- Prompt: Below are the records; extract from them the line containing "Wild Flora Farm" to the line containing "Susan Hall announced", both lines included, exactly and with no pictures.

*** Opening of Source data ***

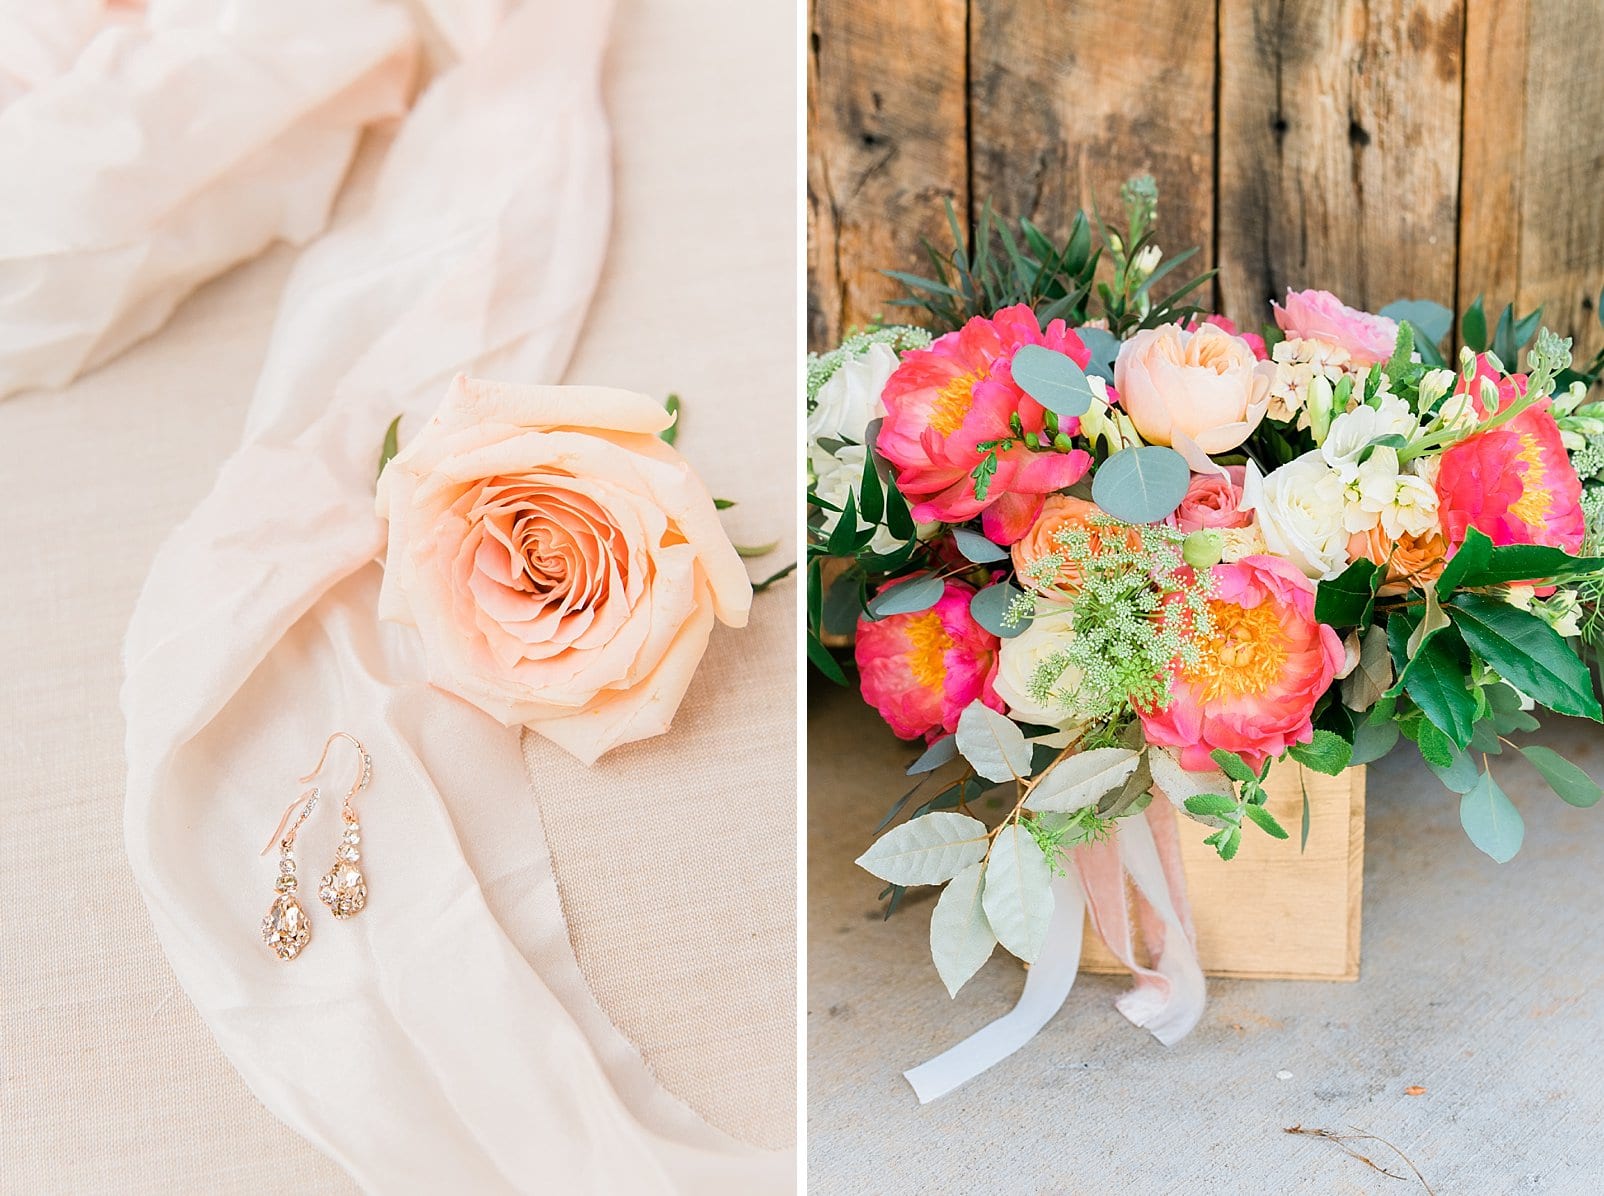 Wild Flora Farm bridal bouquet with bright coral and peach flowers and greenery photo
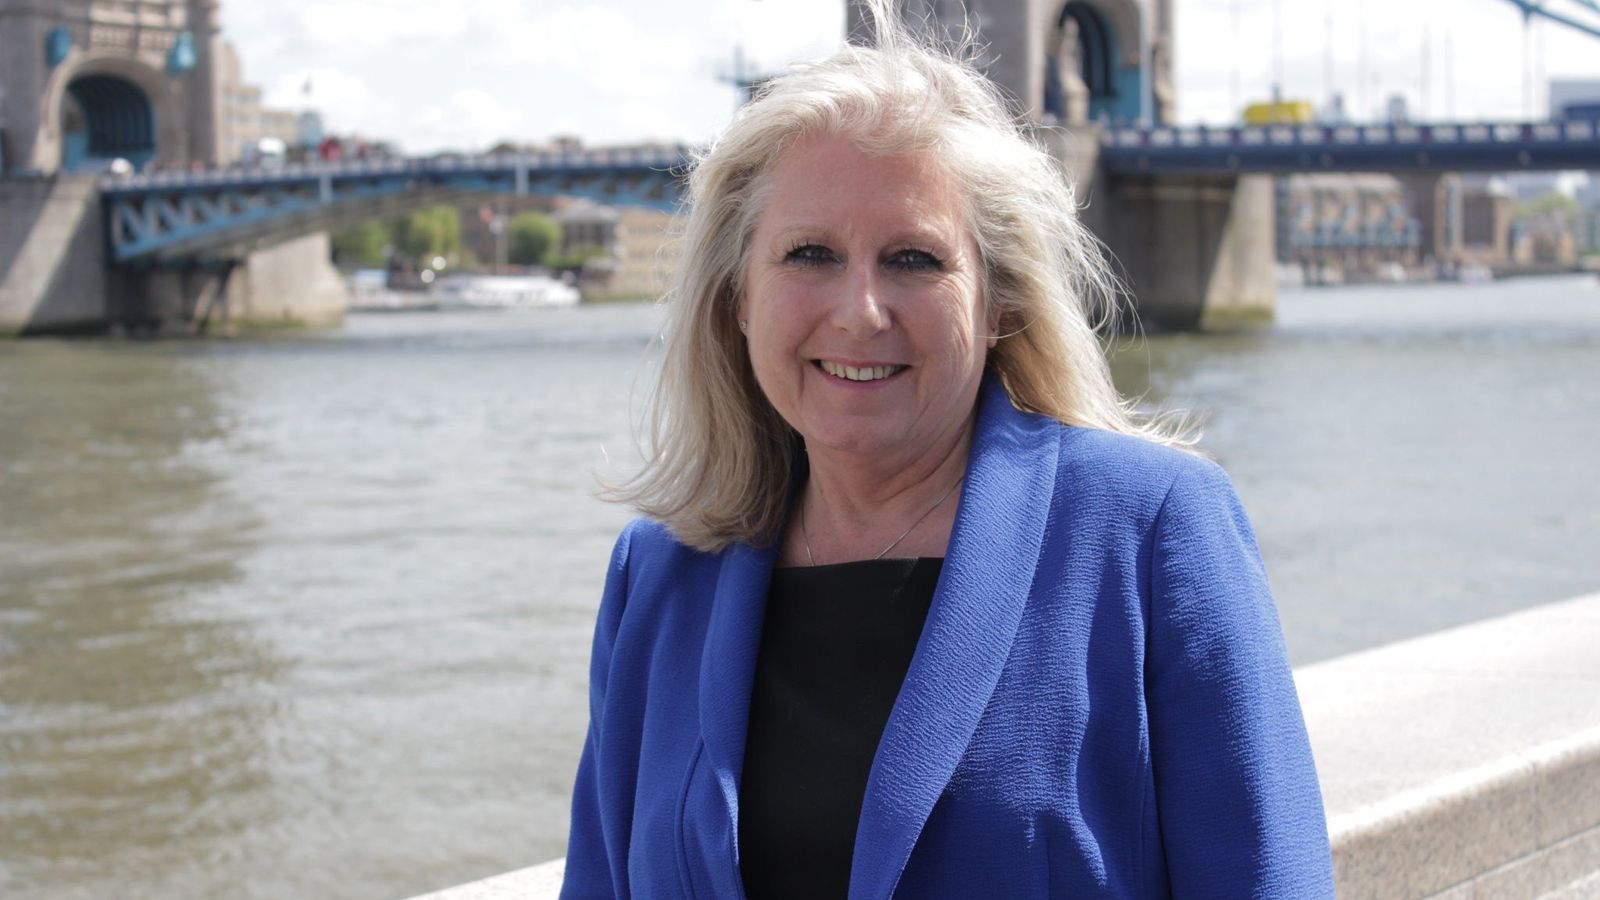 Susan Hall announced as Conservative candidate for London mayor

*** Close of Source data ***
*** Opening of Source data ***

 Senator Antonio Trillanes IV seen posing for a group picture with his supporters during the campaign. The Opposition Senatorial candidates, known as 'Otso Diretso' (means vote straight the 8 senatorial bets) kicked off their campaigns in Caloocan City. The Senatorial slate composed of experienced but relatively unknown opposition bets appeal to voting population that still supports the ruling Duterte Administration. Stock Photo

*** Close of Source data ***

- Exercise solution:
 Wild Flora Farm bridal bouquet with bright coral and peach flowers and greenery photo
 Susan Hall announced as Conservative candidate for London mayor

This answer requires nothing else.